Department of Biostatistics, School of Medicine, Arak University of Medical Sciences, Arak, Iran.
Staburo GmbH, Munich, Germany.
Sci Rep. 2023 Aug 18;13(1):13477. doi: 10.1038/s41598-023-40538-2.
A randomized controlled trial is commonly designed to assess the treatment effect in survival studies, in which patients are randomly assigned to the standard or the experimental treatment group. Upon disease progression, patients who have been randomized to standard treatment are allowed to switch to the experimental treatment. Treatment switching in a randomized controlled trial refers to a situation in which patients switch from their randomized treatment to another treatment. Often, the switchis from the control group to the experimental treatment. In this case, the treatment effect estimate is adjusted using either convenient naive methods such as intention-to-treat, per-protocol or advanced methods such as rank preserving structural failure time (RPSFT) models. In previous simulation studies performed so far, there was only one possible outcome for patients. However, in oncology in particular, multiple outcomes are potentially possible. These outcomes are called competing risks. This aspect has not been considered in previous studies when determining the effect of a treatment in the presence of noncompliance. This study aimed to extend the RPSFT method using a two-dimensional G-estimation in the presence of competing risks. The RPSFT method was extended for two events, the event of interest and the competing event. For this purpose, the RPSFT method was applied based on the cause-specific hazard approach, the result of which is compared to the naive methods used in simulation studies. The results show that the proposed method has a good performance compared to other methods.

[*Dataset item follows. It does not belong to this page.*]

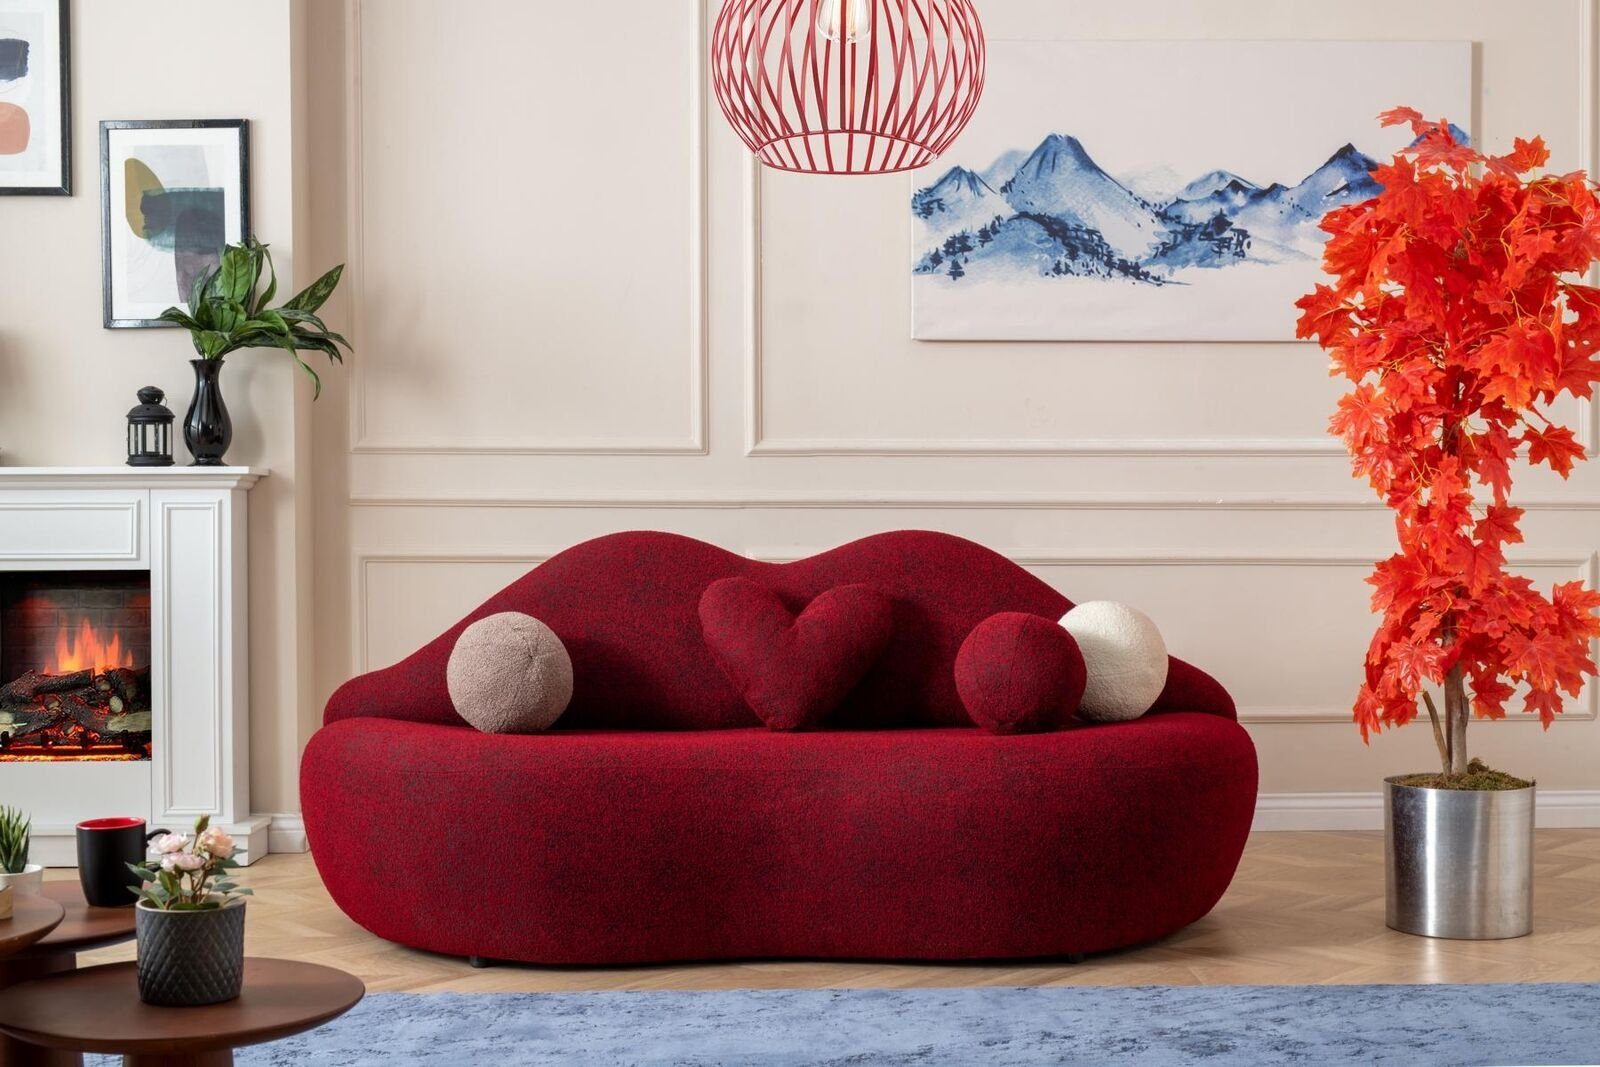 Made Lippen Europa von 3 in Form rot stilvoll farbe Teile, in Sitzpolster, sofa JVmoebel 1 3-Sitzer Sitzer

一项随机对照试验通常用于评估生存研究中的治疗效果,在该研究中,患者被随机分配到标准治疗组或实验治疗组。在疾病进展后,随机分配到标准治疗的患者可以被允许转为实验治疗。随机对照试验中的治疗转换是指患者从随机治疗转为另一种治疗的情况。通常,这种转换是从对照组到实验组。在这种情况下,治疗效果估计是通过方便的朴素方法(如意向治疗、方案治疗或高级方法如等级保持结构失效时间(RPSFT)模型)进行调整。在迄今为止进行的模拟研究中,患者只有一种可能的结果。然而,在肿瘤学中,特别是,可能有多种结果。这些结果被称为竞争风险。在考虑到不依从性的情况下,这方面在以前的研究中并没有被考虑到。本研究旨在扩展存在竞争风险时使用二维 G 估计的 RPSFT 方法。RPSFT 方法扩展到两个事件,即感兴趣的事件和竞争事件。为此,基于特定原因的危险方法应用 RPSFT 方法,其结果与模拟研究中使用的朴素方法进行比较。结果表明,与其他方法相比,所提出的方法具有良好的性能。